Quote every line of the data below as it stands, omitting pictures.

▸ **Collected data**
::::

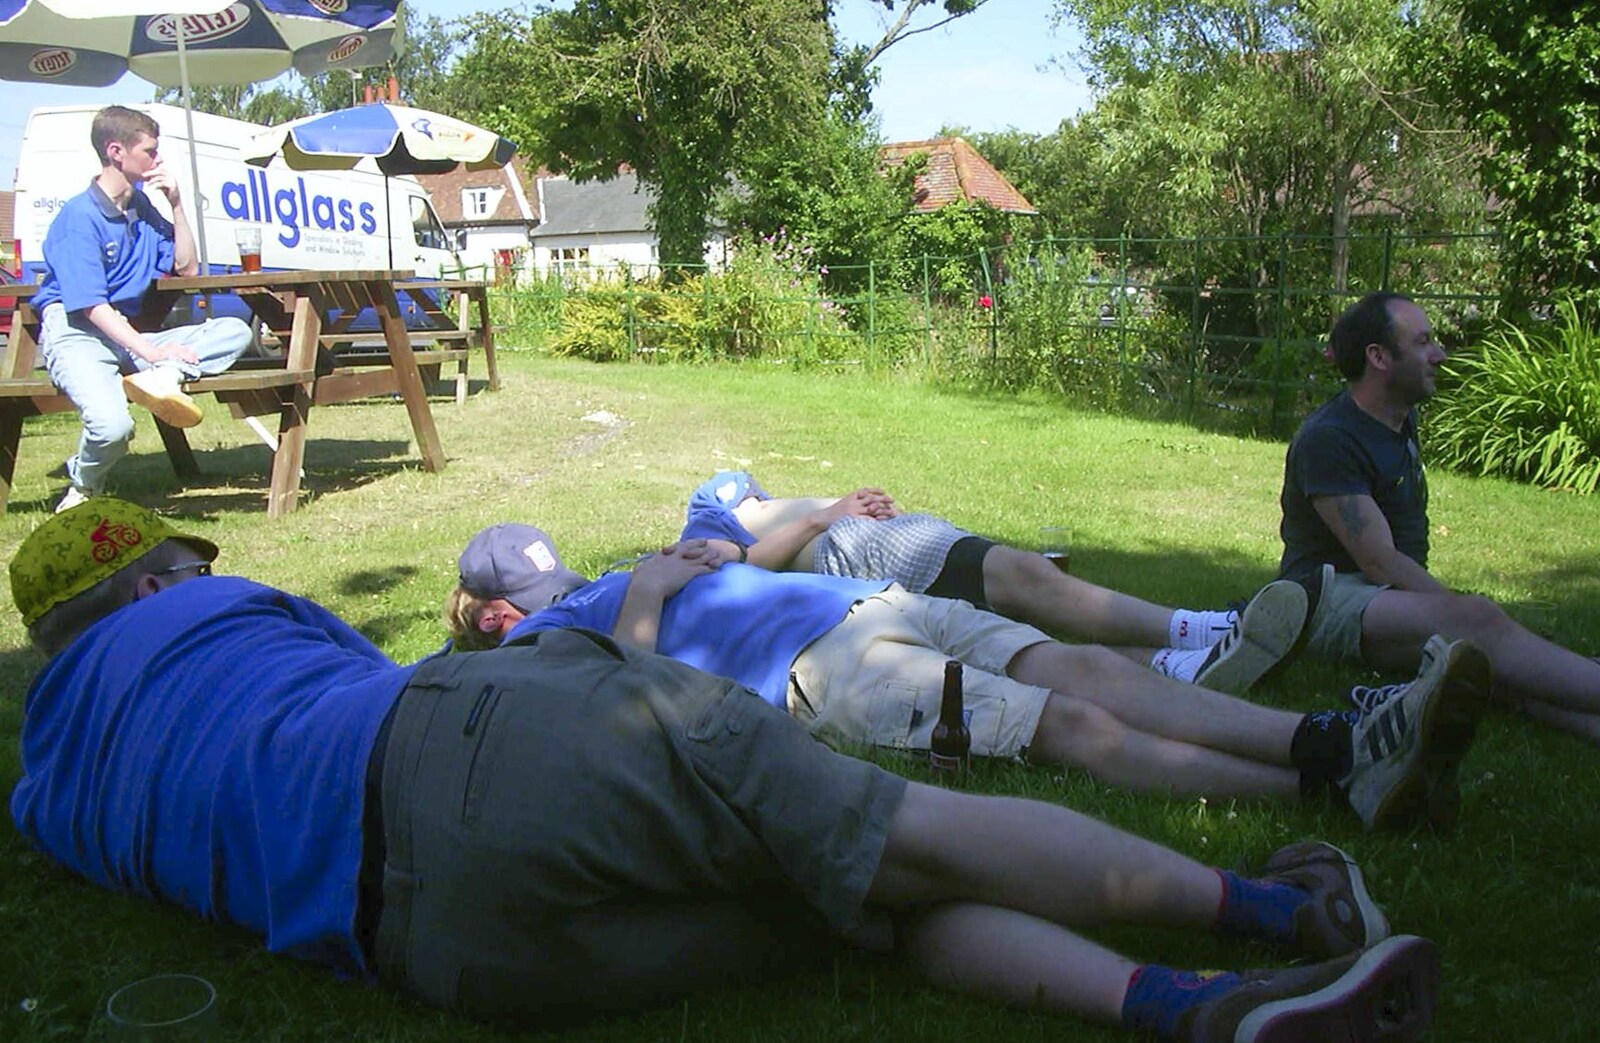 The BSCC Annual Bike Ride, Orford, Suffolk - 12th July 2003: More sleeping in another beer garden
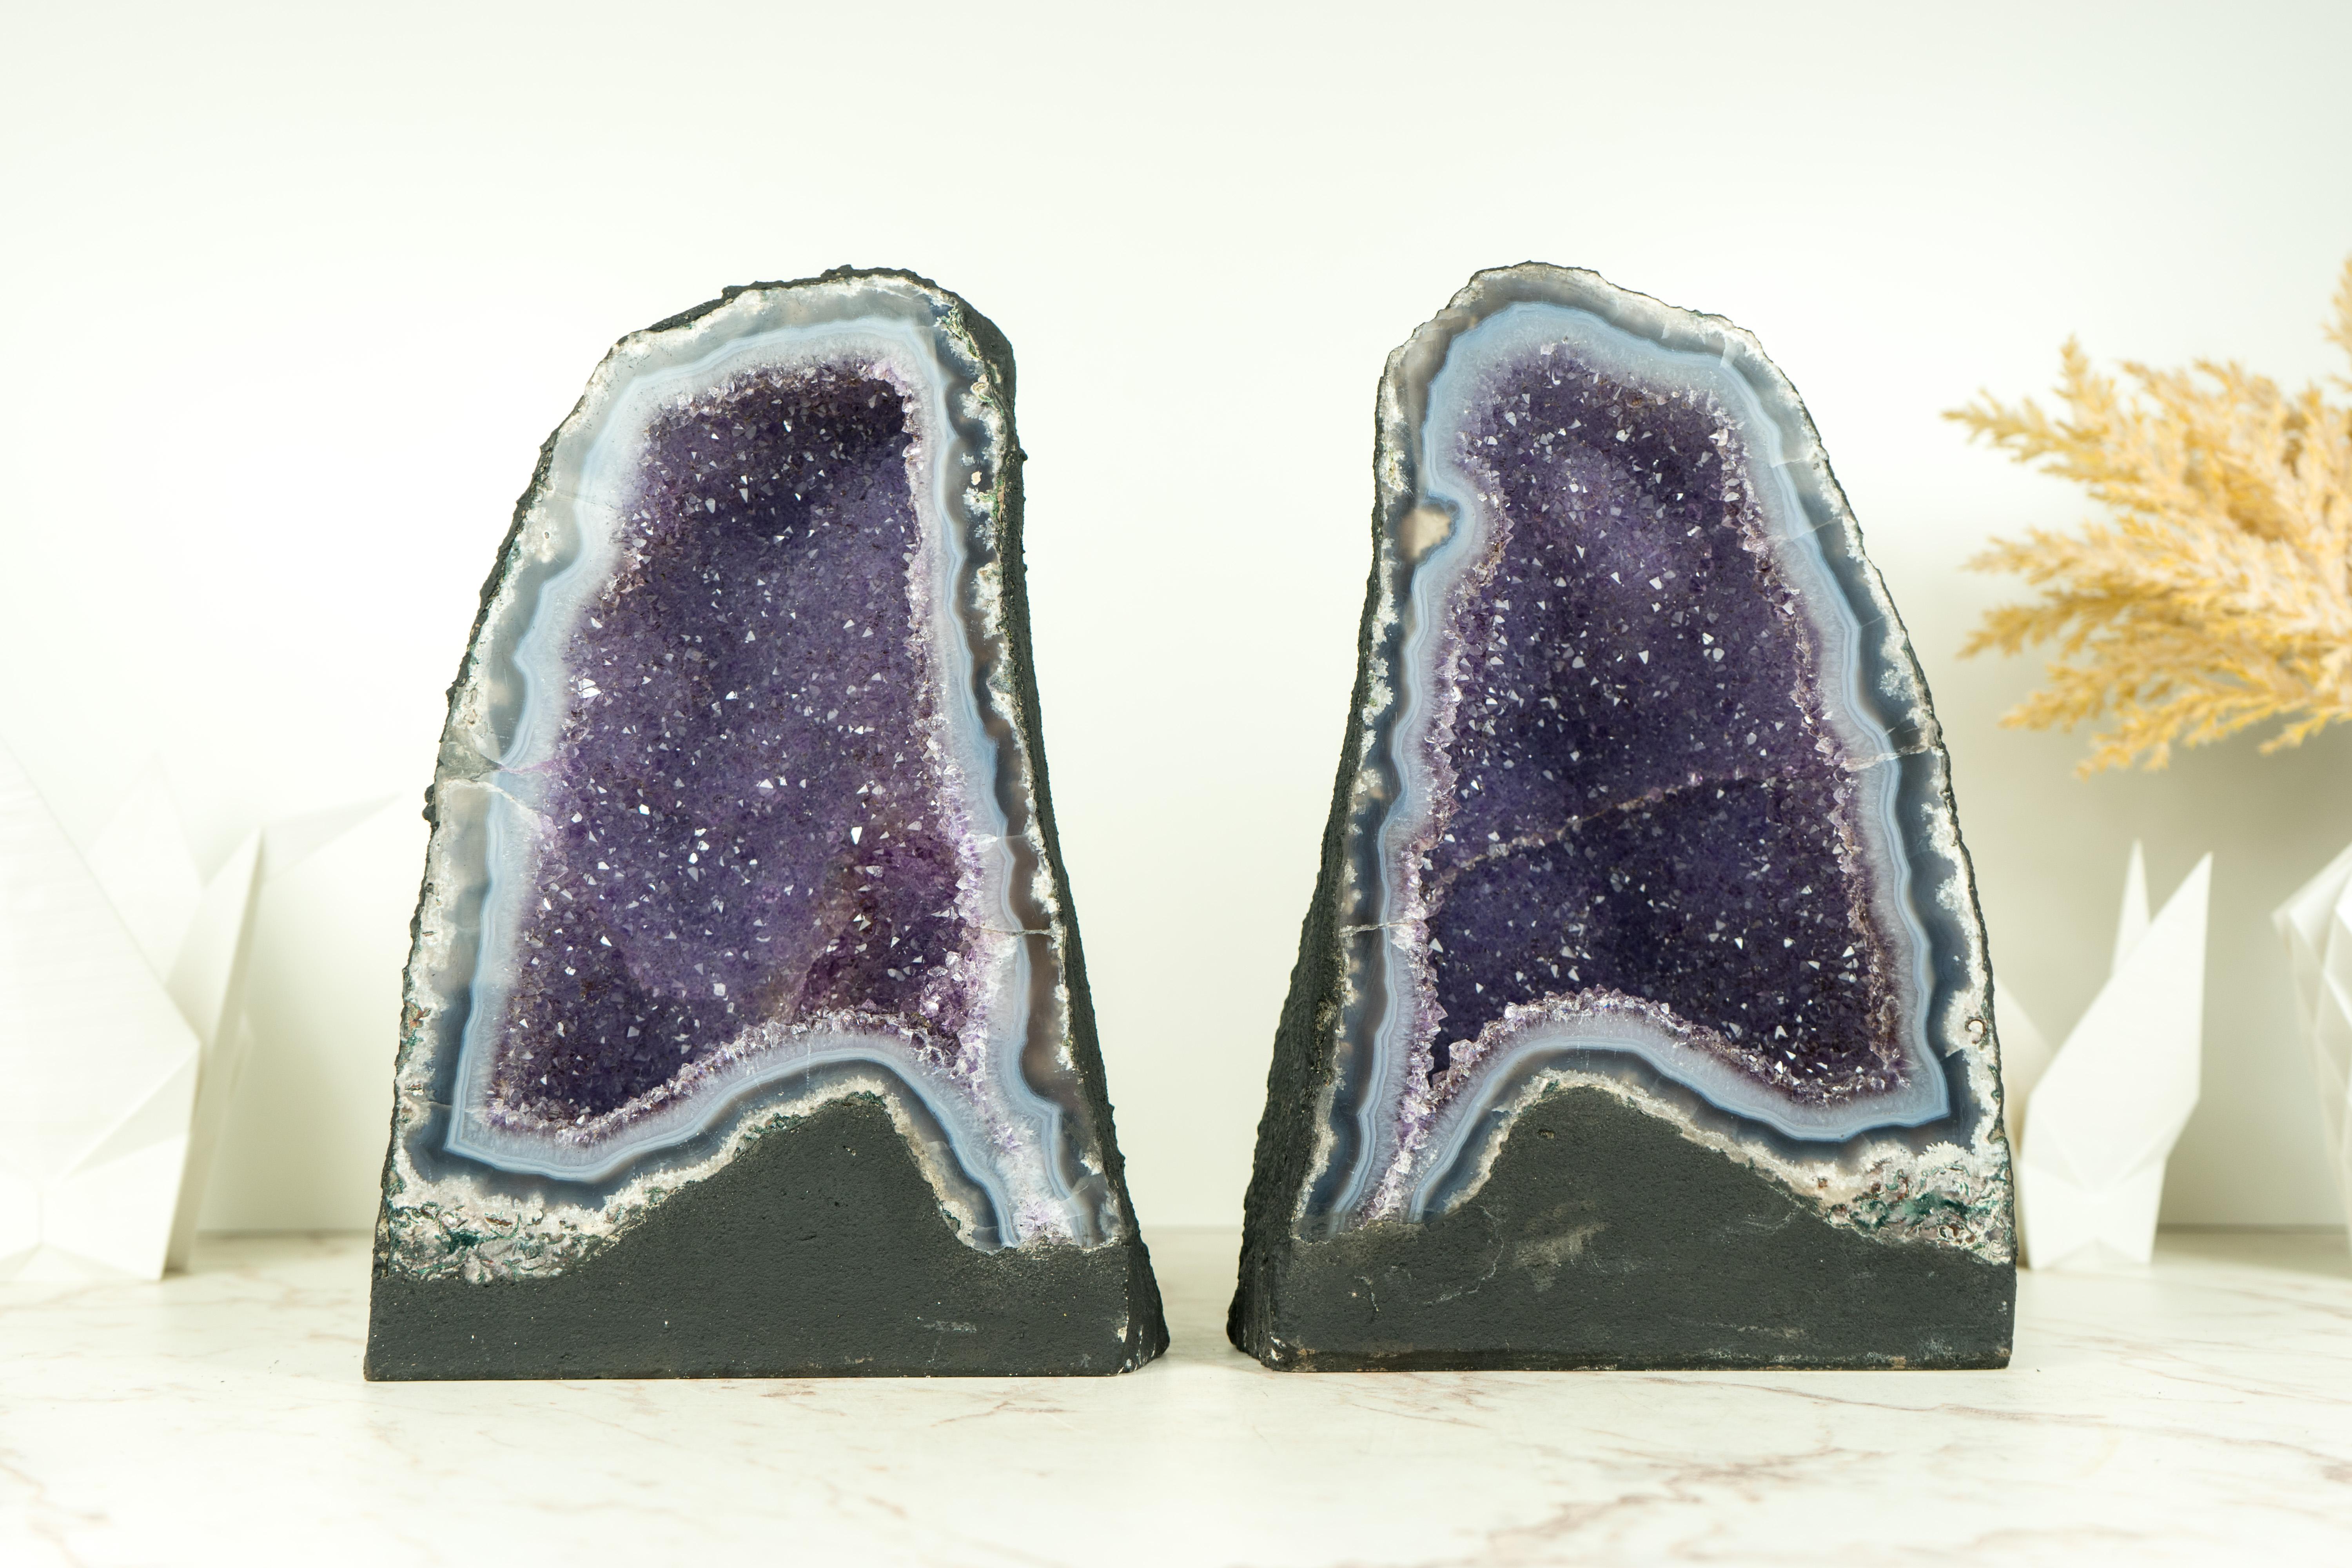 Pair of High-Grade Small Blue Lace Agate Geodes with Sparkly Lavender Amethyst For Sale 8
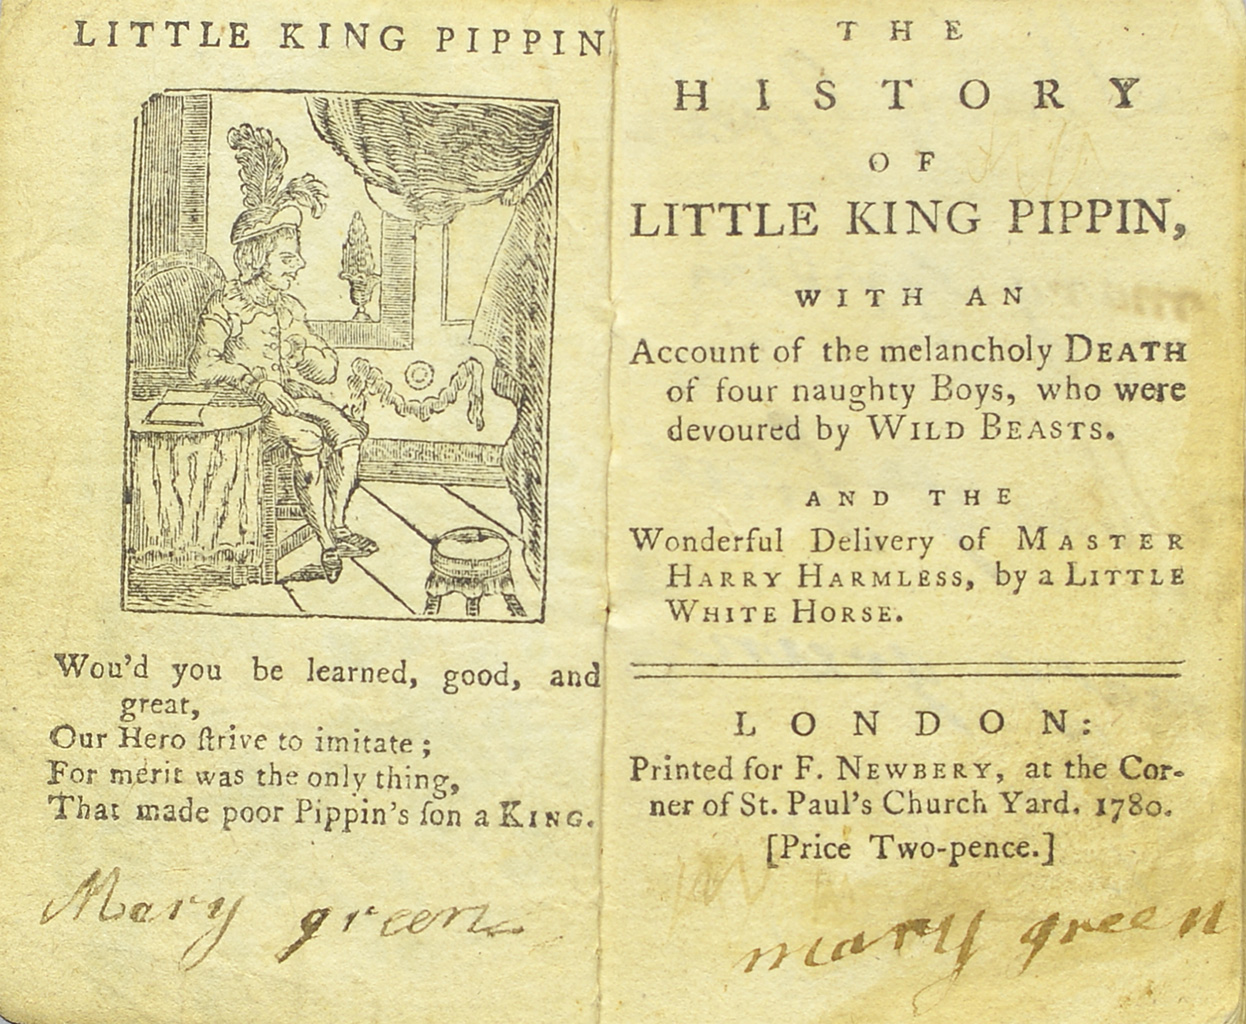 Exhibit Materials of The history of little king Pippin

::::

▸ **Output of the exercise**
 The BSCC Annual Bike Ride, Orford, Suffolk - 12th July 2003: More sleeping in another beer garden
 Pair of High-Grade Small Blue Lace Agate Geodes with Sparkly Lavender Amethyst For Sale 8
 Exhibit Materials of The history of little king Pippin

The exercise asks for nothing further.